Wages by state (median, 2026)

  • California: $26 per hour, $54,800 annual
  • Arizona: $23.30 per hour, $48,400 annual
  • Texas: $23.30 per hour, $48,500 annual
  • Florida: $22.60 per hour, $47,000 annual
  • Nevada: $24 per hour, $50,000 annual (Las Vegas premium)
  • North Carolina: $20 per hour, $41,600 annual
  • Georgia: $20.50 per hour, $42,600 annual
  • New York: $24 per hour, $50,000 annual (limited season skews data)
  • Hawaii: $25 per hour, $52,000 annual

Entry level vs experienced

A first year pool tech in 2026 earns $18 to $20 per hour in most markets, with sunbelt markets pushing $20 to $22. A tech with 3+ years experience who can run a route alone, troubleshoot equipment, and handle customer escalations earns $24 to $30 per hour. The gap between entry level and experienced is wider in 2026 than it has been in 5 years because trained techs are scarce.

This is the leverage point for operators: paying $24 per hour to a tech who runs a 80 stop route alone is dramatically more profitable than paying $20 per hour to two techs who together run the same 80 stops with constant supervision. Smart operators raise base pay to retain experienced techs and let new hires earn into the higher rate over time.

CPO certification: the $2 to $4 premium

Certified Pool Operator (CPO) certification through PHTA is a 16 hour course, $300 cost, and a written exam. CPO certified techs typically earn $2 to $4 per hour more than uncertified peers at the same experience level. The credential signals to commercial customers (and to the state health department in jurisdictions that require it) that the operator handles commercial pools competently.

For pool service businesses, requiring CPO within 60 days of hire is a reasonable policy that pays for itself in 2 to 3 months from the wage premium plus the commercial accounts the certification unlocks.

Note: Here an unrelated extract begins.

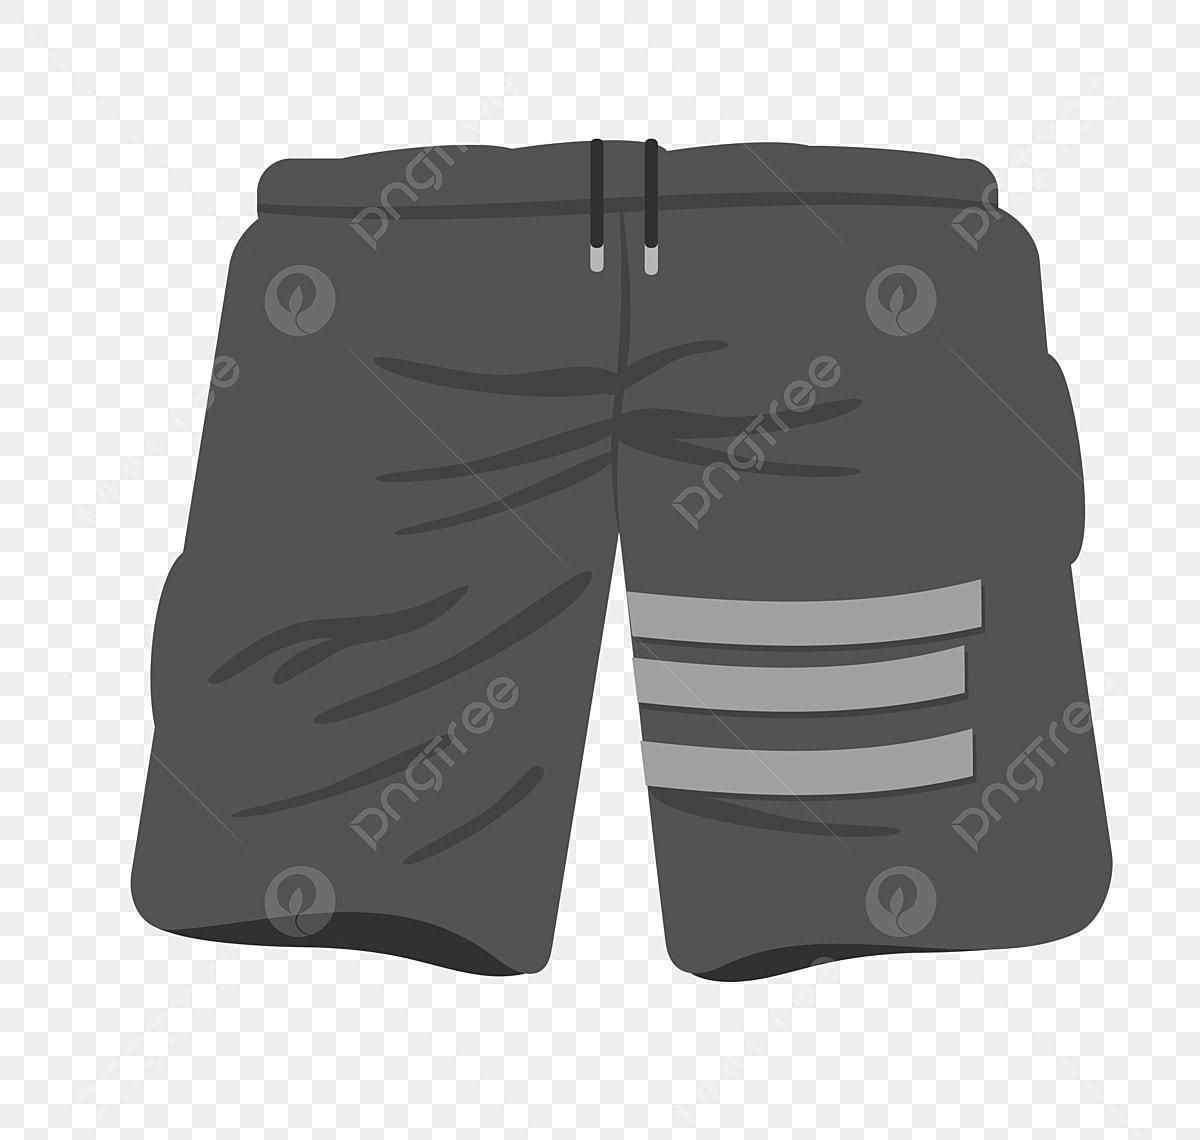 Verano Pantalones Cortos Hombres Ilustracion Imagenes Predisenadas De Pantalones Cortos Verano Pantalones Cortos Png Y Psd Para Descargar Gratis Pngtree

Lead tech and supervisor compensation

A tech who has been promoted to supervise other techs, run a commercial book, or manage a route territory typically earns $32 to $42 per hour, or moves to salary at $60,000 to $80,000. Lead tech roles are still hourly in most pool service businesses because of overtime accuracy under FLSA. Operators with 5+ techs typically move to a salaried lead tech with overtime exempt status (administrative or executive exemption), which simplifies payroll but requires a real management role to support.

Sunbelt premium and seasonality

Year round pool service markets (Florida, California, Arizona, Texas, Hawaii, southern Nevada) pay higher annual wages because techs maintain a full 52 week route. Seasonal markets (Midwest, Northeast) pay similar or higher hourly rates during the season but techs lose 4 to 6 months of income per year unless the operator runs winter scope (covers, equipment service, indoor pool maintenance).

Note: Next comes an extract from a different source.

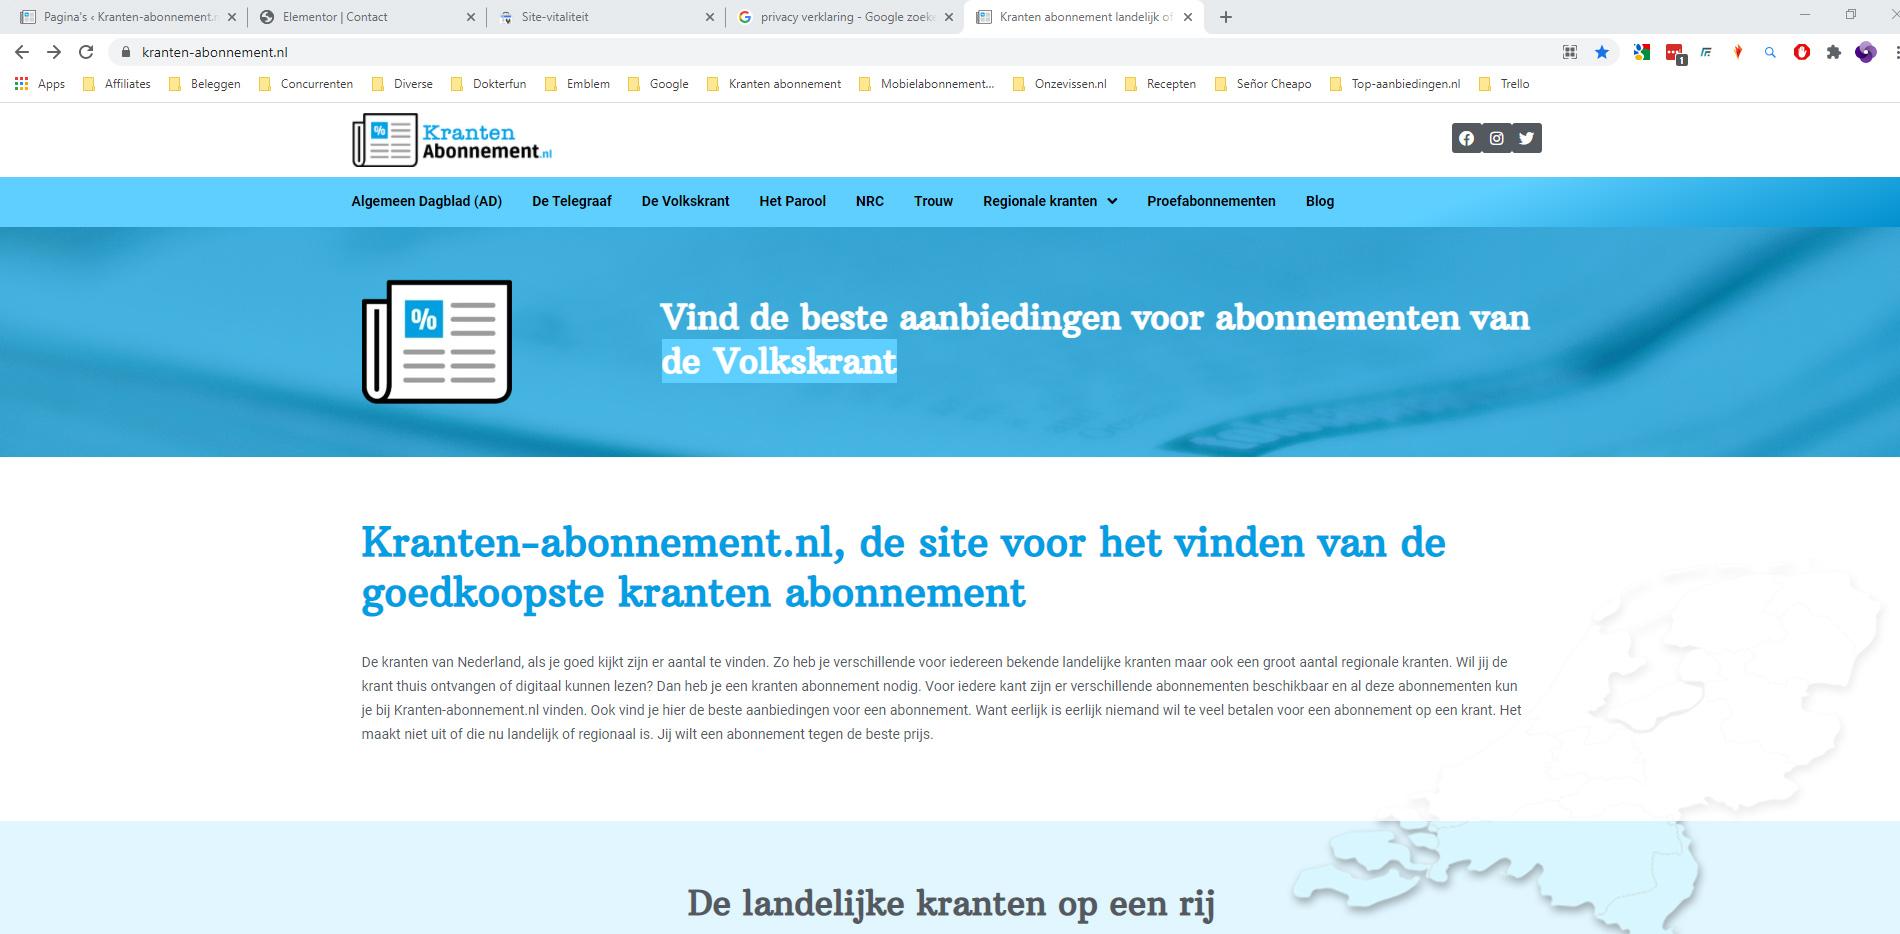 Kranten-abonnement.nl staat sinds vandaag live

For operators in seasonal markets, building a winter offering (cover installation, equipment winterization, indoor pool service, ice rink maintenance) is the single biggest tool for retaining techs through the off season. Techs who leave for the winter for landscape or snow plow work do not always come back.

Where wages are heading

Two forces will continue to push pool service wages up in 2026 and 2027. First, sunbelt population growth means demand for pool service is growing 6 to 8% per year while the labor pool grows at half that rate. Second, lawn care and HVAC are also competing for the same outdoor route based labor with their own wage inflation. Operators who hold pool tech wages flat over the next 24 months will lose techs.

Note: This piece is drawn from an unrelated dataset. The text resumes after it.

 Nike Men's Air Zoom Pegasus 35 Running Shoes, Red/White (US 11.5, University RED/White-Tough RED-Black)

A reasonable planning assumption: 4 to 6% annual wage increase through 2027, with another 2 to 4% premium added for CPO certified and lead tech roles. Build this into customer pricing or compress margin.

Wage inflation is the single biggest hidden cost in pool service. Build the annual increase into your contracts.

What this means for operators

Three takeaways for pool service operators in 2026. First, set a starting wage that is 10 to 15% above your local median, not at it. The premium pays for retention. Second, build a tenure based raise schedule (e.g. $20 entry, $22 at 6 months, $24 at 12 months, $26 at 24 months) so techs know what the path looks like. Third, price your customer base to accommodate the wage trend. Pool service businesses that raised prices 3 to 5% annually over the past 3 years are healthy. The ones that did not are squeezed.